Perché è stato ammazzato Pio La Torre?
Per Comiso?
Tanti dicono di sì. L’ha ucciso il “potere occulto sovranazionale”, termine che ha sostituito “criminalità organizzata”, a sua volta eufemismo di mafia.
Ma La Torre è uno che ha visto anche gli arricchimenti; a lui i nomi dei morti di Palermo dicono qualcosa. Spulcia negli elenchi della camera di commercio e nota che sono registrate aziende che partono con un capitale di un milione e in tre anni lo aumentano fino a tre miliardi. Ogni mese un aumento di capitale.

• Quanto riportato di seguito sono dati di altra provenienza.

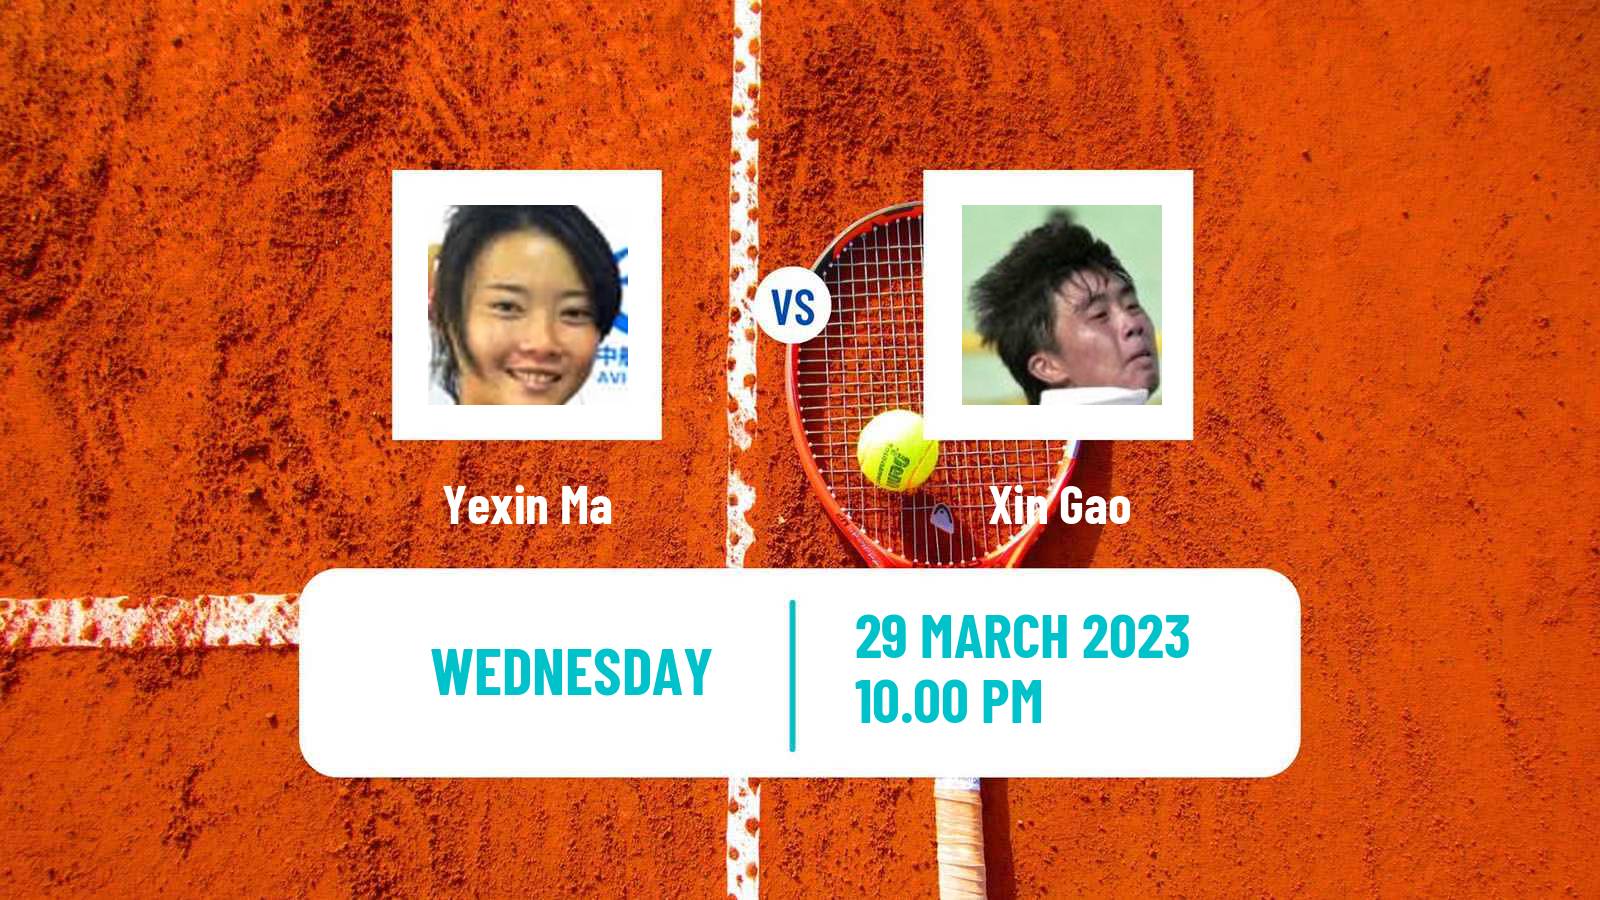 Tennis ITF Tournaments Yexin Ma - Xin Gao

Di queste cose parla nelle riunioni politiche; dice di fare attenzione a quelli che consigliano di entrare finalmente a fare parte del governo effettivo della città.
Viene ucciso il 30 aprile 1982. Lui e Rosario Di Salvo stanno attraversando il quartiere della Zisa, a Palermo, a bordo di una FIAT 132, quando vengono affiancati da una motocicletta. Partono raffiche di mitra. Di Salvo estrae la rivoltella e spara anche lui, ma i suoi colpi vanno a vuoto. I due uomini vengono ritrovati coperti di sangue, con un’espressione irritata sulla faccia. Dopo mezz’ora arriva una telefonata anonima che rivendica l’attentato a nome dei Gruppi proletari organizzati, o qualcosa del genere. E’ da trent’anni che in Sicilia non veniva ammazzato un dirigente comunista.
Ma allora perché è stato ucciso Pio La Torre?
Per nove anni non se n’è saputo nulla; se trapelava qualcosa erano solo voci velenose. Nel marzo del 1991, i giudici di Palermo chiusero l’istruttoria, denunciando, come mandanti del delitto, nove boss mafiosi, all’epoca membri della Cupola di Cosa Nostra (da notare che sia la parola Cupola sia la sigla Cosa Nostra erano sconosciute nel 1982), ma lasciando nel vago il movente. O, che è la stessa cosa, indicandone parecchi. Poteva essere stato ucciso per la sua opposizione alla base missilistica di Comiso. Oppure per “ostilità interne al partito comunista”. O anche per essersi opposto ad un appalto per la costruzione di un palazzo dei congressi, ambito sia dal cavalier Carmelo Costanzo di Catania che dalla ditta Tosi di Palermo. Oppure per un altro grande appalto che riguardava il risanamento della costa palermitana… Nell’estate del 1992 arrivò però un’altra versione, fornita da Leonardo Messina, mafioso pentito del paese di San Cataldo, in provincia di Caltanissetta. Secondo Messina, La Torre fu ucciso suordine di Totò Riina, capo dei corleonesi, preoccupato per il suo attivismo e in particolare per la sua proposta di legge riguardante i patrimoni dei mafiosi. Riina incaricò dell’uccisione Loreto Plicato,di Vallelunga, uno stiddaro che costruiva armi da fuoco. Plicato uccise La Torre, disse Messina, ma Riina non si fidava totalmente di lui, così dopo una settimana lo fece uccidere.